Belfast Telegraph

Monday 28 July 2014

Hair to stay... dad vows to fight the ban

Ulster family in refusal to budge after pupil suspended for having long locks

The father of a 15-year-old boy suspended from an Ulster school because his hair was too long last night vowed to take the matter to court.

George Stranaghan (45) from Rathcoole in Newtownabbey claims his son, Grant, is being discriminated against because of his long hair style.

Grant is a year 11 pupil at Ballyclare High and is currently studying for seven GCSEs.



However, last week Grant was suspended for three days because his shoulder length hair flouted the school rules.

Since September he has had numerous detentions because of his hair - which he still refuses to cut.

Mr Stranaghan believes his son should not have to conform to what he deems draconian regulations.

The 45-year-old historian and Loughside Football Club coach said: "Grant is a great wee lad. We have never had any problems with him at all. In 12 years at school there has been nothing. His attendance at school is exemplary.

"He is just a normal lad. He is into that type of music, rock music where they all have long hair. He is very quiet and doesn't bother anyone."

Grant's hair is two inches below his collar - a breach of the school rules which state boy's hair must be above the collar. Added Mr Stranaghan: " I don't think two inches of hair should affect 12 years of education. Why should he have to cut his hair? I can't make him get his hair cut.

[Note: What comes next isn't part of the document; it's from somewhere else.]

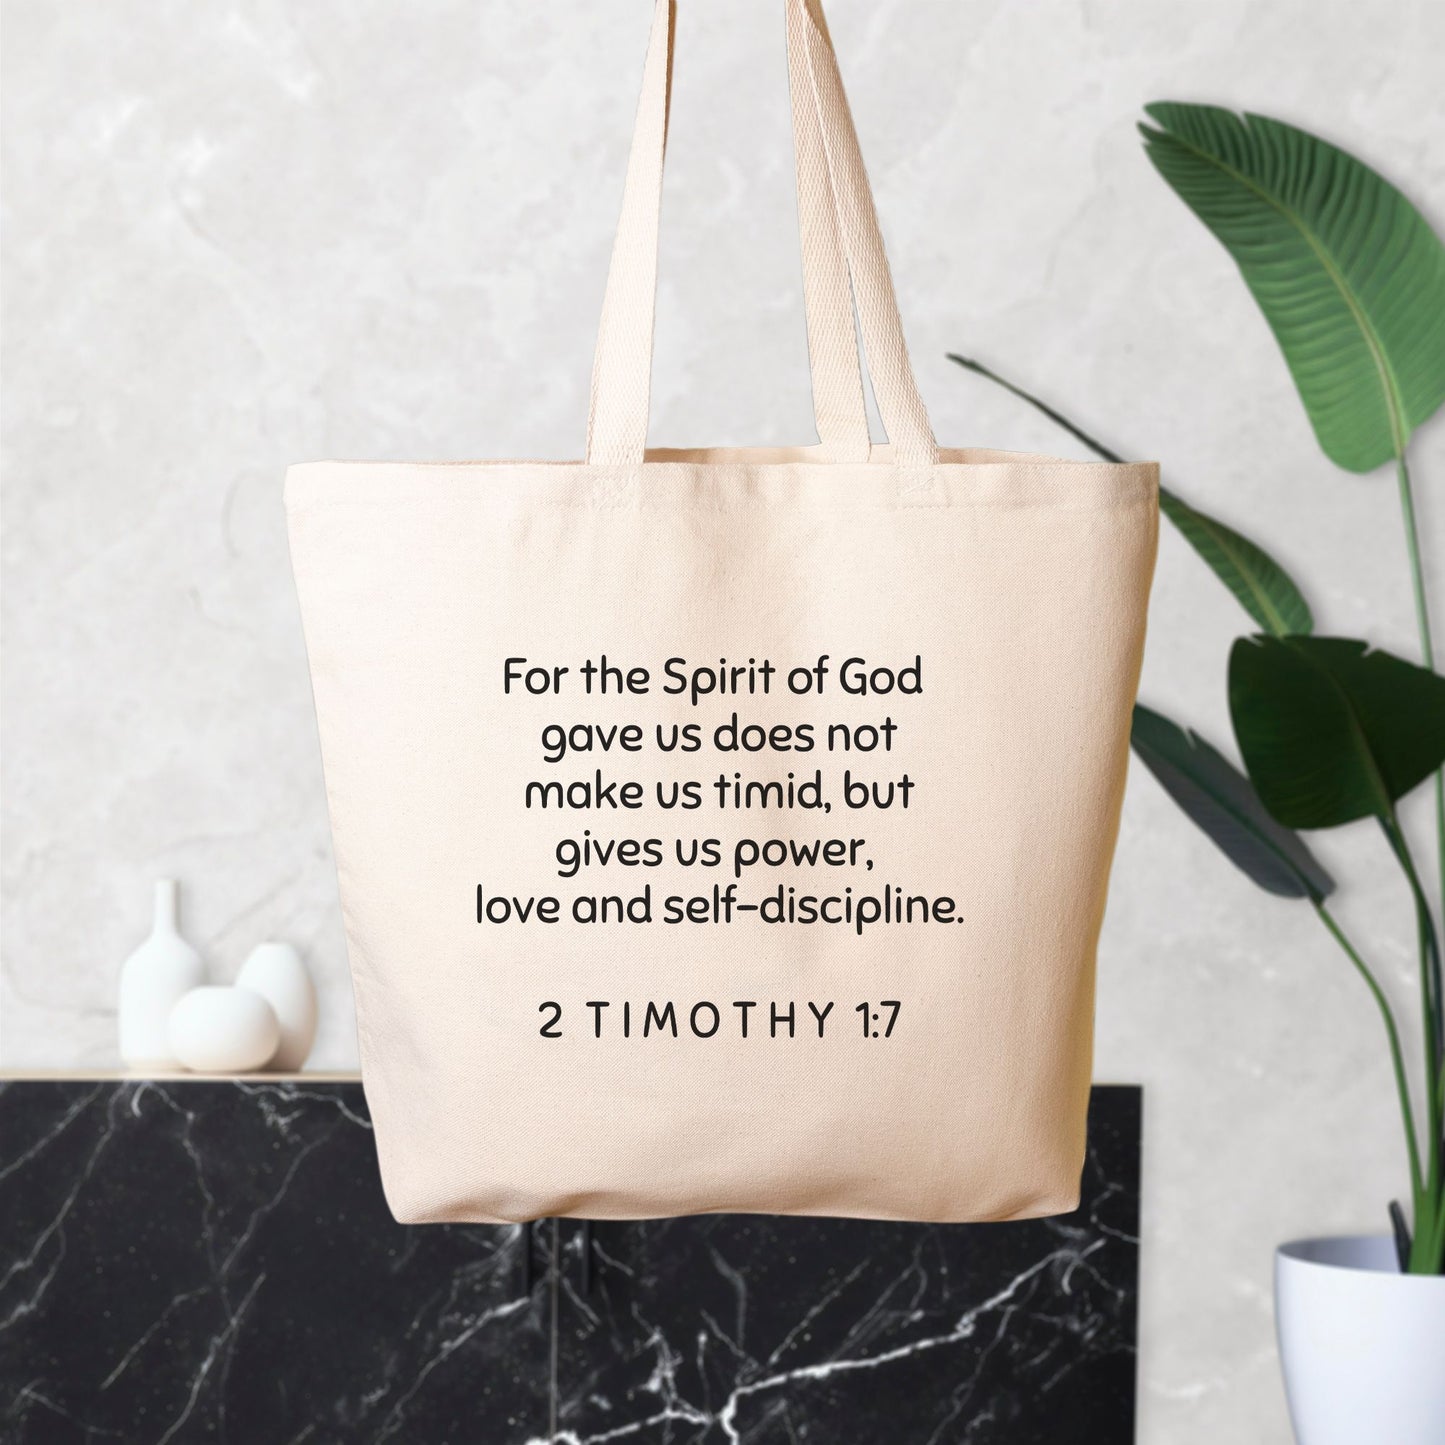 2 Timothy 1:7 Cotton Canvas Oversized Natural Tote
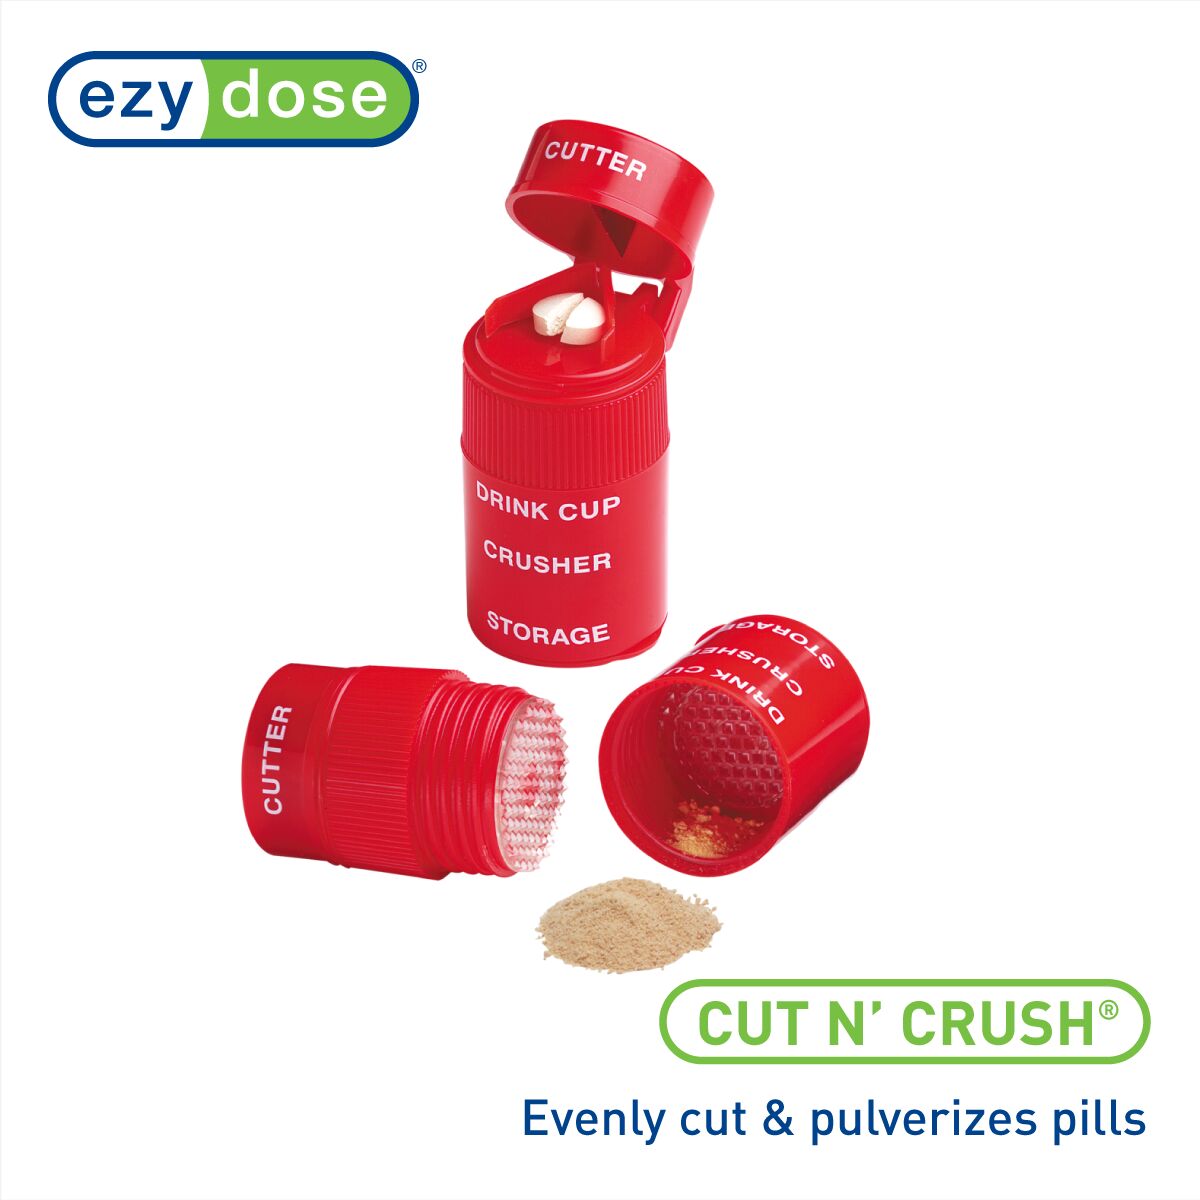 Pill cutter and crusher evenly cuts and pulverizes pills

"What am I supposed to do, hold him down or go in with a pair of scissors when he is asleep?

"We did take him to get it cut but it wasn't enough and he was really annoyed at having to get it cut up to the length it is. He doesn't want to cut it any more. He has offered to tie it back in a pony tail but they are having none of it.

"It's against every law in the land to make him do something he doesn't want to."

But Mr Stranaghan said: "I'll take this the whole way. They are breaking every rule in British law, European law and in terms of gender law."



In a statement released yesterday Ballyclare High School principal, David Knox, said: "A pupil was suspended under the School's Discipline policy for repeated and persistent breaches of the school rules.

" This action is unusual in this school where there is a high level of co-operation from our pupils. The suspension was for three days only and was imposed only after all other sanctions had failed to prompt a positive response.

"The pupil has now returned to school. I had hoped to discuss the way forward with his parents, but they declined to meet me this morning, Monday, November 26 to discuss the matter and have declined to meet me tomorrow morning.

"The school has at all times attempted to be reasonable while implementing the policies of the Board of Governors who represent parents, teachers and the community."



A text poll on yesterday's Nolan Show on BBC Radio Ulster revealed that 69% of listeners thought Grant should cut his hair and get on with doing his GCSEs.